Having taught Primary School Science for years, I can tell you that there are plenty of misconceptions that parents have with regards to helping their child become better at the subject. My students leave my lessons not only doing better but also become significantly more interested in the subject. In my opinion, this is the win-win situation that every teacher and parent should strive for: to cultivate interest and produce result. How did I achieve this? I will provide the 1 tip that I swear by, something that you can do immediately to help your child become more interested in the subject and as a result, better at it.

Get them to ask questions

If we were to just Google the word "Science", we would see that it is the pursuit and application of knowledge and understanding of the natural and social world following a systematic methodology based on evidence.

Keyword here is "pursuit". Was Science ever just about memorising a bunch of dry facts from a textbook? No. In fact, Science is a way of skeptically interrogating the world around us. It is about asking the right questions, not just knowing the right answers. Every child who studies science should actively pursue answers to questions that they have. This starts with cultivating the good habit of asking questions.

As you can see from the picture below, I get my students to write down 3 - 5 Scientific questions every week as homework. These questions can be about anything as long as they are regarded under the huge umbrella of Science. I have students asking me why the sky is blue, what are black holes, where did humans come from etc. Mind you, these amazingly deep and profound questions are from 10 - 12 year olds.

How many times have students been deprived of finding the right answers to their questions just because we adults find them annoying? Their endless "whys" make us irritated and we just cast them aside as "stupid questions". However, there are no stupid questions, not from children 12 and below.

Some of you might be thinking, what's the point of asking questions about topics that are not going to be tested in PSLE? Isn't that just a waste of time? If this is you, please hear me out.
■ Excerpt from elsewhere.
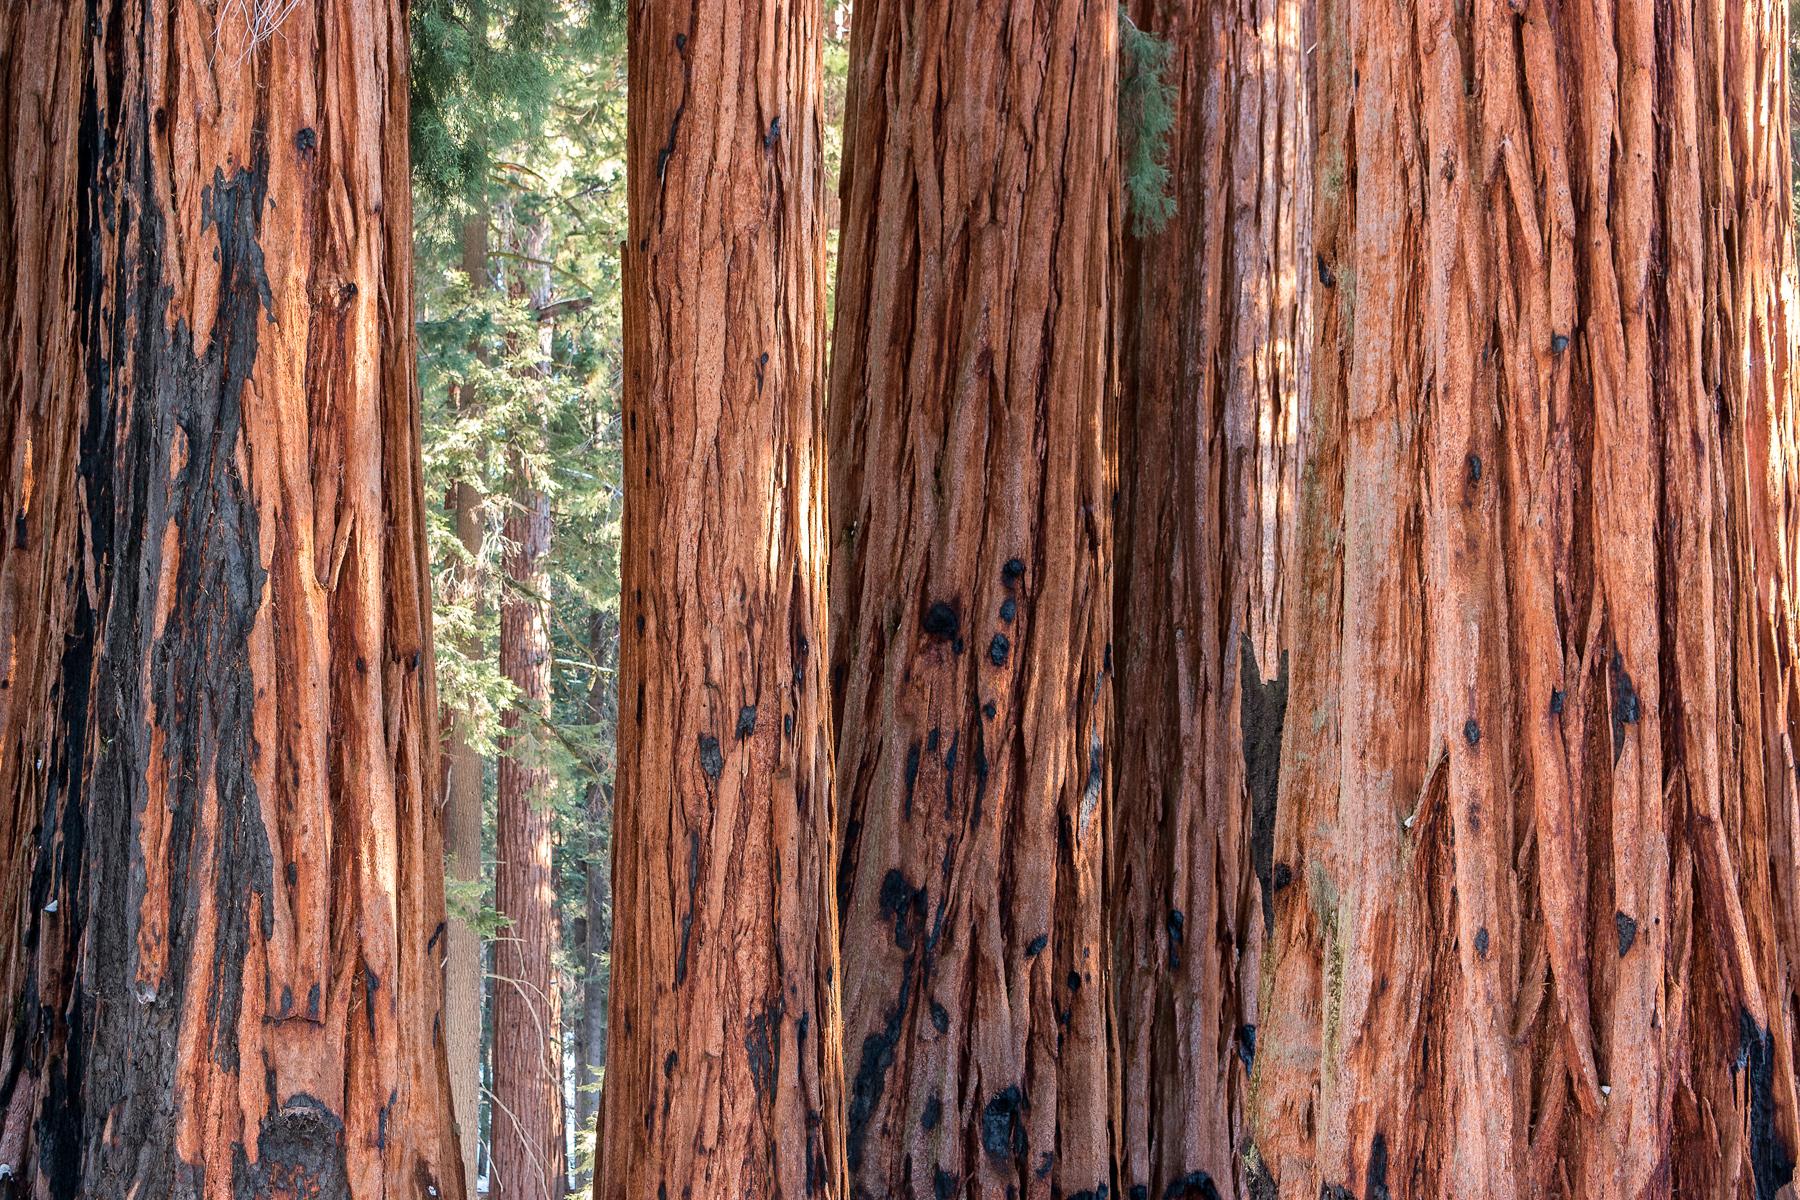 Wasim Muklashy Photography_Sequoia National Park_California_December 2015_-SAM_4019-Edit.jpg

It is not so much about finding answers to their questions, but rather the act and habit of asking questions that creates a profound impact on the student's learning experience.

The goal here is to cultivate interest. A child who is interested in something would do their best at it, or at least find it a lot easier to work hard for it. I have seen it a countless number of times. When my students become more interested in Science, their eyes light up, they are filled with curiosity, and their Science results improve progressively. Their interest in the subject has a direct effect on their competency in the subject.


This is a long-term solution to the problem, and I believe it is the best solution. Merely practicing assessment papers upon assessment papers is not as effective in my opinion. Not to mention that it may make the student dread the subject. My focus has always been to cultivate interest in the subject through drawing out a child's natural curiosity they have for the world around them. Results has aways been a by-product of that. Focus on cultivating interest and the results will improve.